Bohuslav Hasištejnský z Lobkovic () (1461 – 11 November 1510) was a Czech nobleman, writer and humanist of  the old Bohemian family (later the princes) of Lobkovic.

He was born at Hasištejn Castle near Kadaň, Bohemia. He studied in Bologna and Ferrara (doctor of law, 1482) and converted from Utraquism to Catholicism there. After 1483, he became provost of Vyšehrad in Prague and between 1490–91 he travelled to the Holy Land and Egypt, earning the nickname "the Czech Ulysses". He was elected the bishop of Olomouc, but he was refused by the Pope.
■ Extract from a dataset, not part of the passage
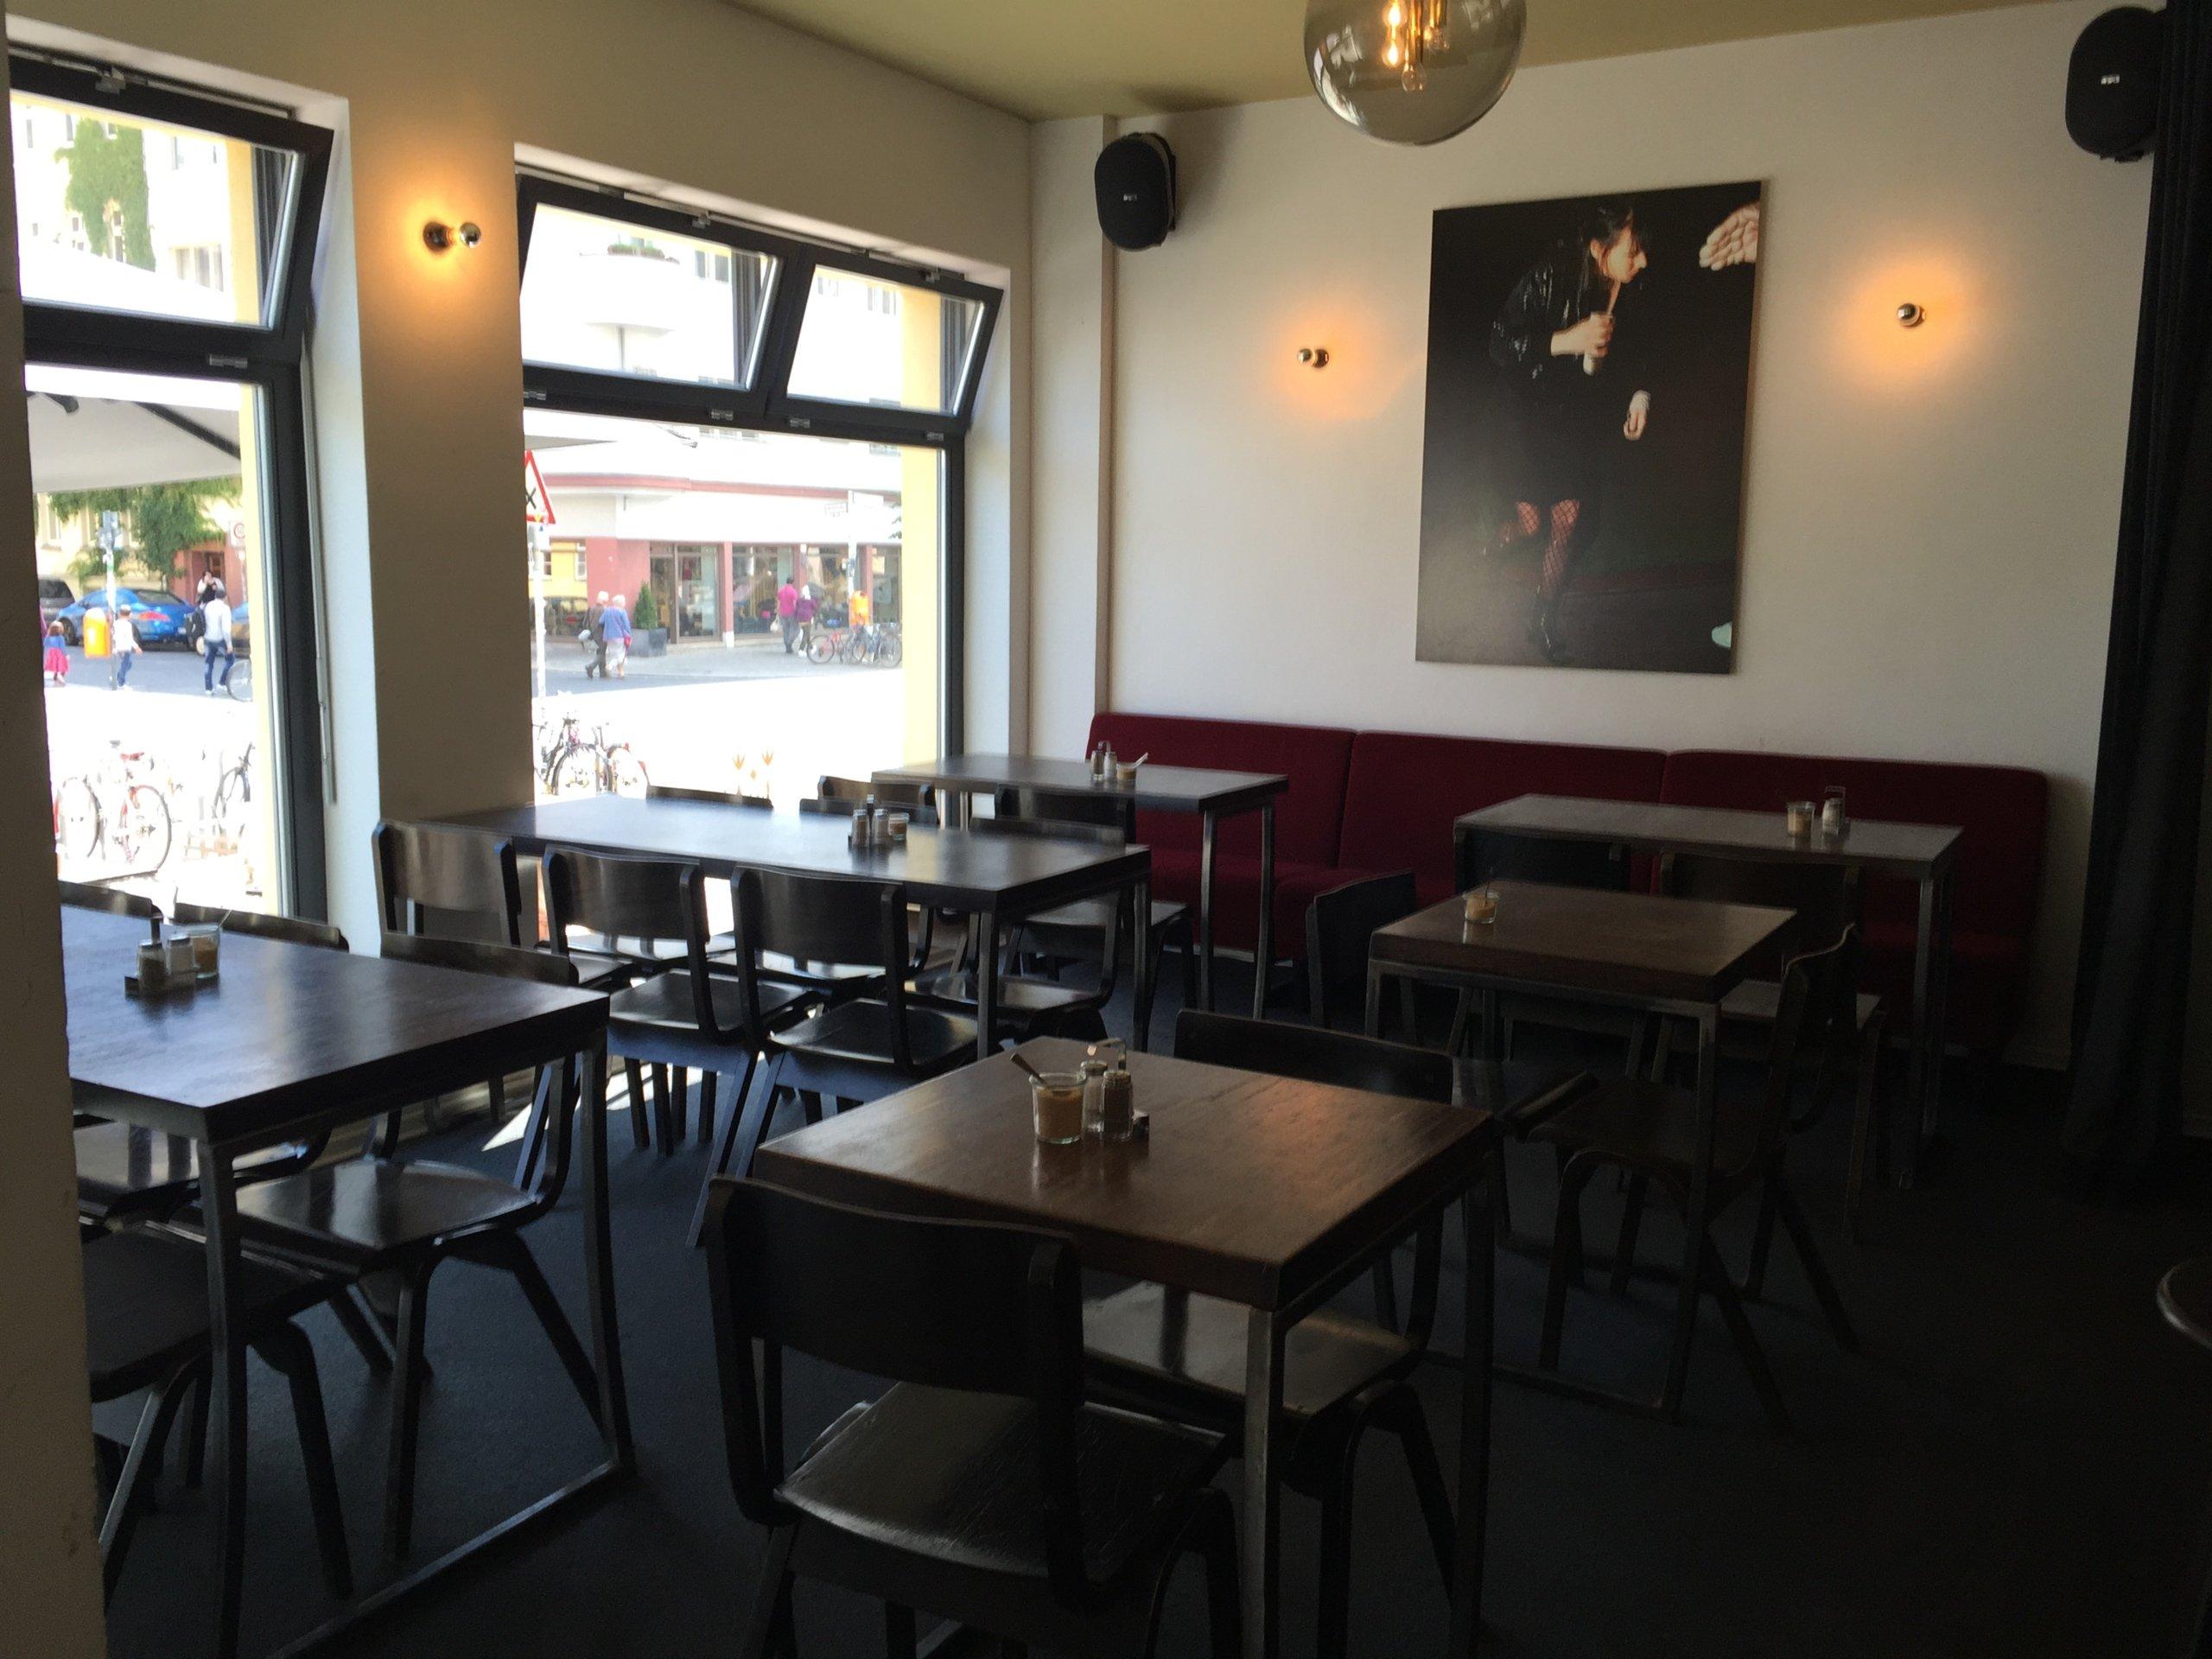 sauers cafe ffnungszeiten rosa luxemburg stra e in. Black Bedroom Furniture Sets. Home Design Ideas

After this, he lived with a few of his writer friends in his 'tusculum', Hasištejn Castle in north-eastern Bohemia.

Lobkovic was an author of philosophical prose, letters, and verses, amongst them a satire on Bohemian national life: Ad sanctum Venceslaum satira (1489). He was a successful essayist and poet, and became poeta laureatus.

His good friends were Jan Šlechta z Všehrd, a philosopher, Viktorin Kornel ze Všehrd and Racek Doubravský z Doubravy, both theorist of Bohemian common law. He was the younger brother of Jan Hasištejnský z Lobkovic.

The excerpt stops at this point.